OverviewGhorhil Sar is a snow and ice peak close the Pakistan’s northern border with Afghanistan. It is a relatively straight forward climb from the south with a more challenging route to the north. The north face has numerous seracs with the only safe route being by way of the col (5100m) immediately east of the summit from where an easy ridge can be climbed to the top. To the best of my knowledge the first ascent was by myself (Lee Harrison) and Peter Thompson in August 2006 and was by way of the East Ridge from the valley to the north. There have been no previous attempts that we know of. The route was soloed in an Alpine style. I have added our route here. I have also added a variant since a more direct route is possible (we used this for a descent route). The peak can be climbed in one day from base camp by those already acclimatised although there are ideal camping spots on the col at 5000m for those who want to break the climb in to two days. From the summit there are awesome views of the unclimbed Kuk Sar II (6925m), one of the most impressive peaks in the Karakoram.
Ghorhill Sar forms part of a small glaciated cirque of peaks immediately east of the the Lupgar Pir Pass in Chapursan. The peak is in a short valley on the south side of the Lupgar Valley close to a grazing spot called Wyeen (warning: there are two Wyeens, one on either side of the pass). This small valley and glacier appears to have no name according to locals we spoke to. Maps also give no name. Ghorhil is the name of the nearest shepherd settlement, which is to the east. "Ghor" means "boulder field" and "hil" means "livestock pen" in the local Brushuski language. Chapursan skirts the border of the Pakistan’s Northern Areas with the Wakhan Corridor in Afghanistan being the next valley north. Beyond this is the Tajik Pamir. While geographically the mountain forms part of the Karakoram Range the valleys on her northern side have a strong Central Asia feel providing a sense of transition from one great range to another. Broad grazing areas give way to rock faces which are a kaleidoscope of colours from deep reds through to pale yellows. The base camp is only two days trek from Chapursan’s largest village, Raminj.
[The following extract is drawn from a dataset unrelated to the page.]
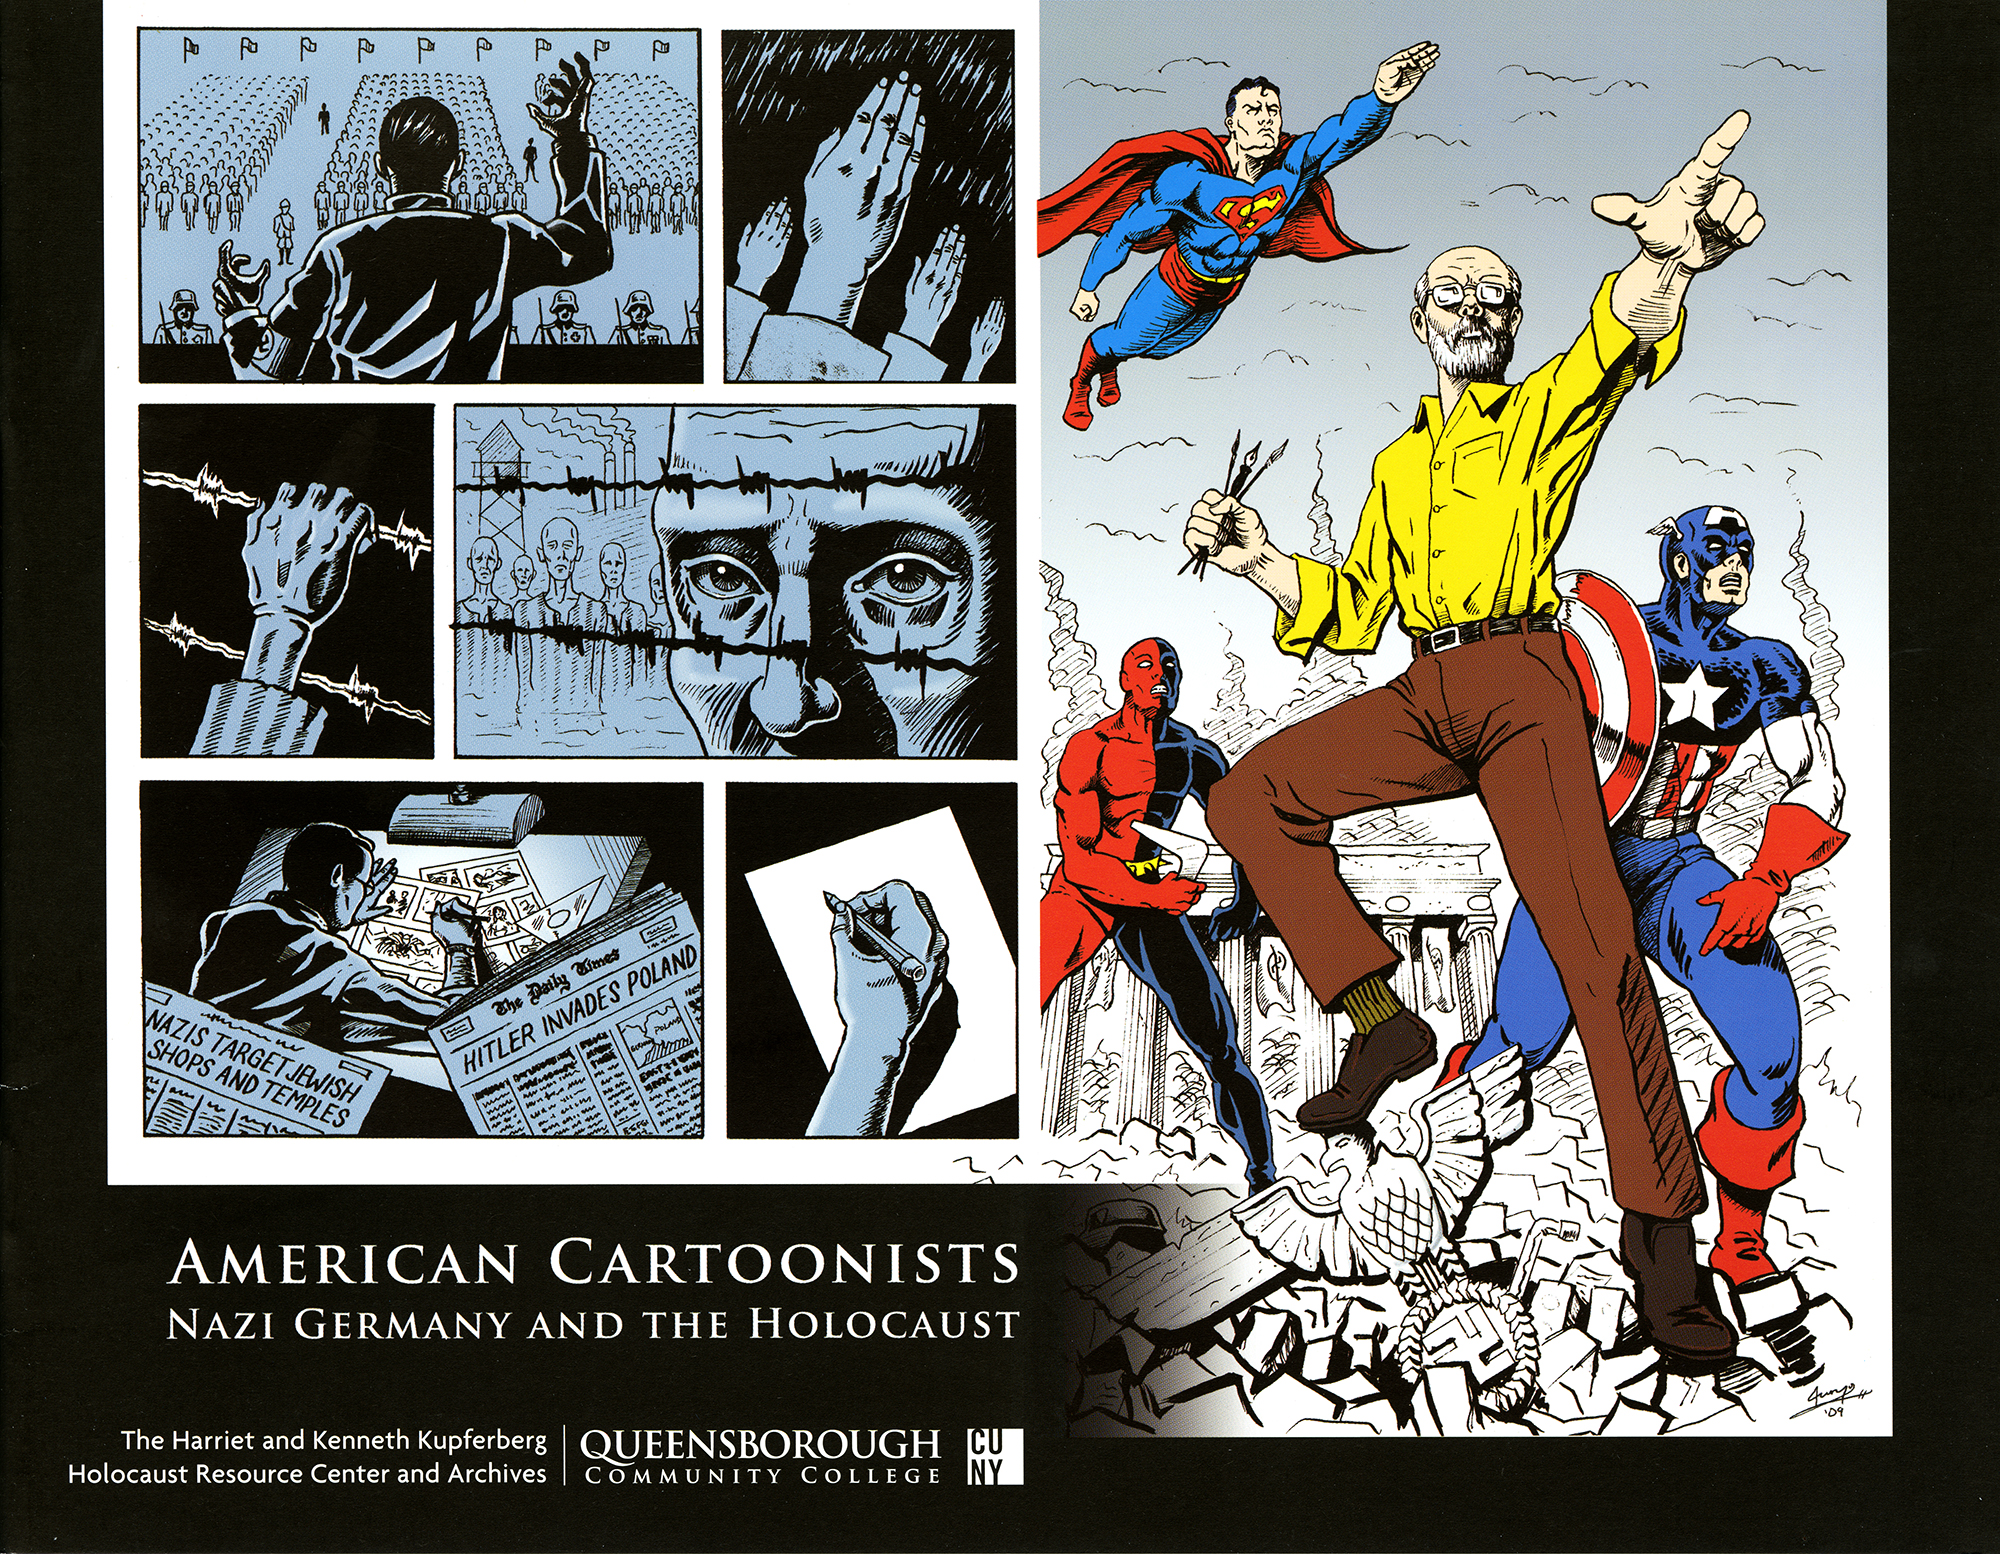 Cover image of the KHC's 'American Cartoonists: Nazi Germany and the Holocaust' exhibition catalog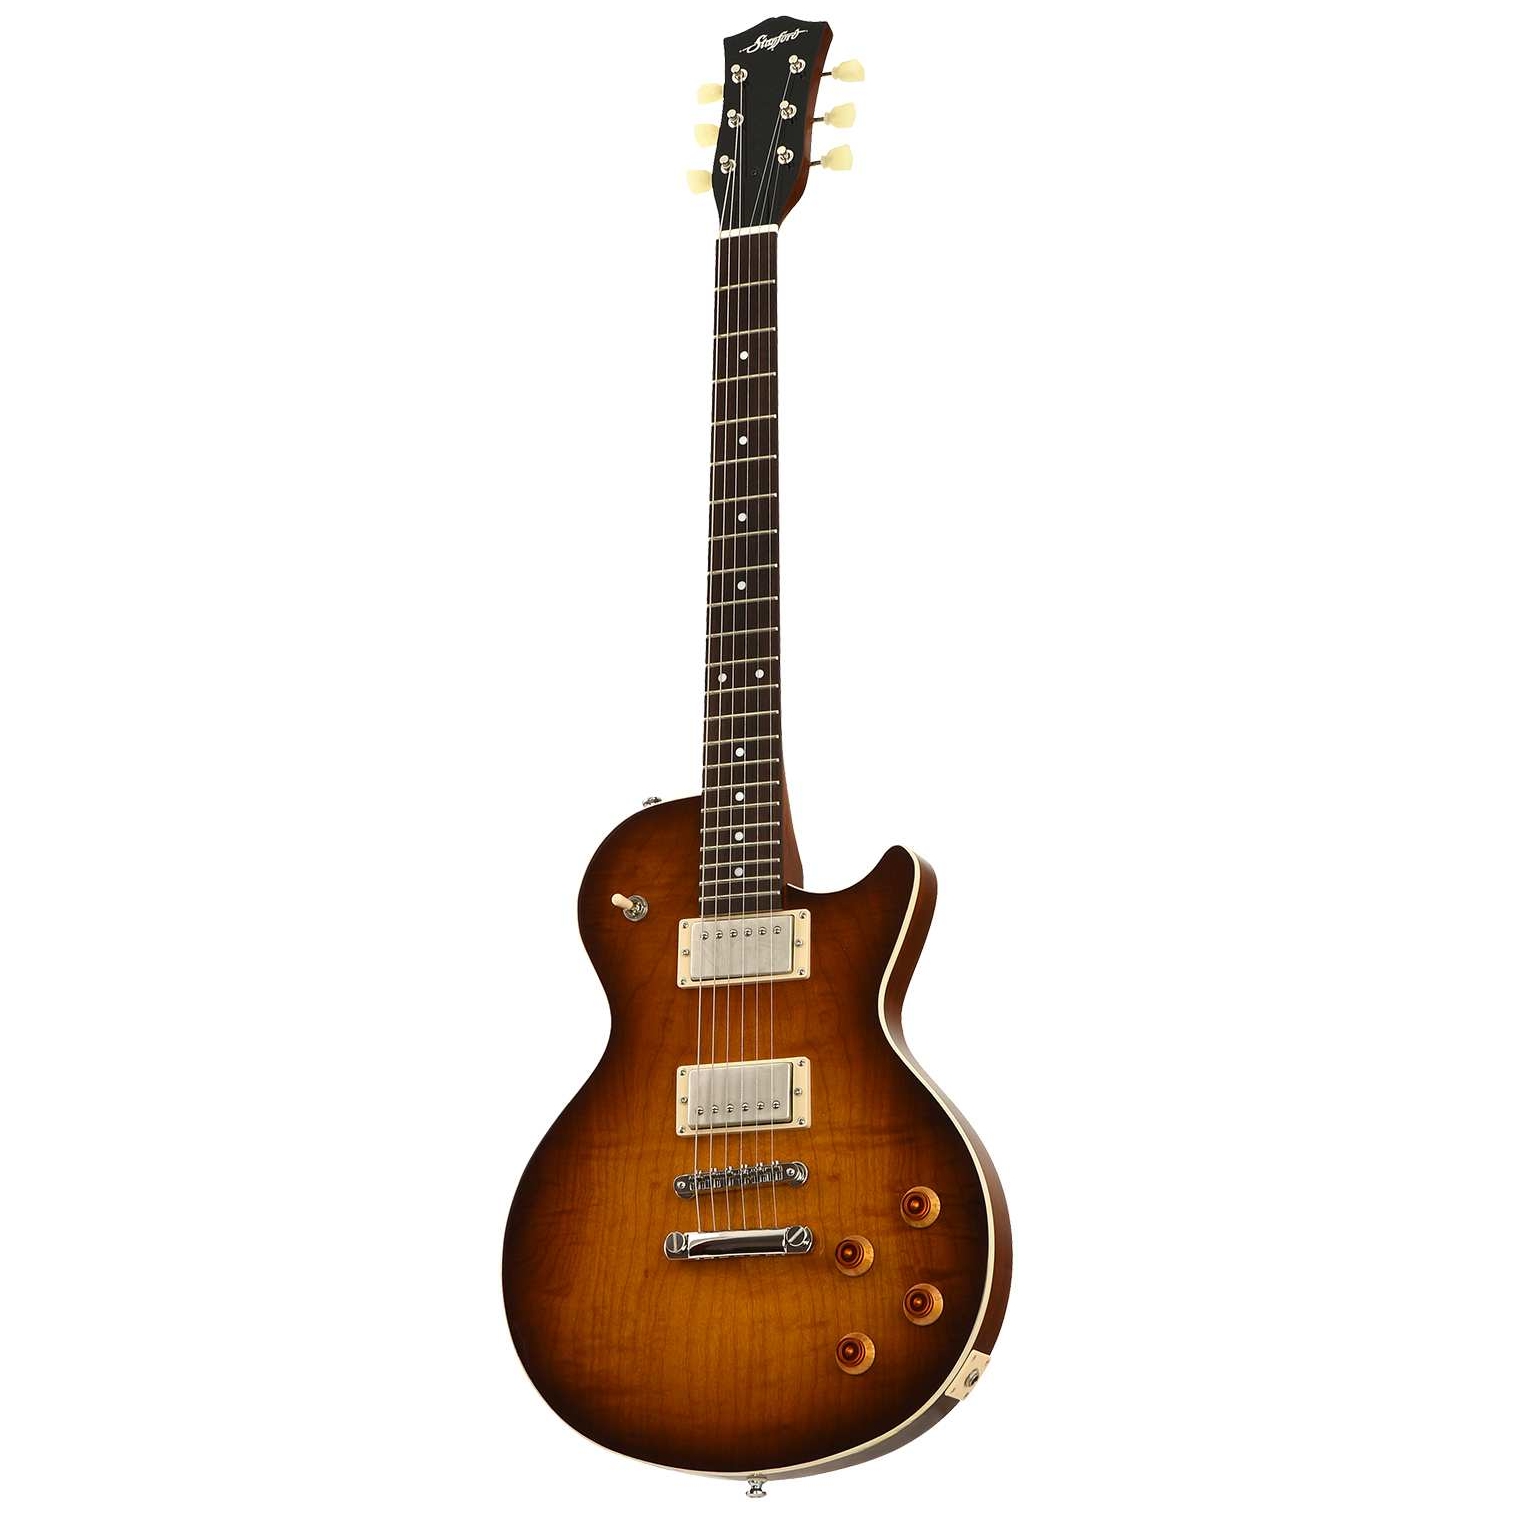 Stanford CR Marquee Classic Amber

To the south of Ghorhill Sar is the Yoksugoz ice flow which flows to meet the Batura glacier, the fourth largest glacier in Pakistan. Here is located some of the most spectacular mountain scenery in Pakistan, the Batura Wall on the Southern side of the Batura glacier contains nine prominent peaks over 7000m. The easiest way to climb from the south is via a subsidary glacier that branches right off the Yoksugoz ice flow. No maps provide a name for this glacier as it is relatively small however it is the only right hand branch. Despite this southern approach appearing easier than the north it appears to be unattempted to the best of my knowledge yet would be a good objective for a first trip to the Karakoram. The peak can also be climbed from the Yoksugoz glacier however this route appeared to be steeper.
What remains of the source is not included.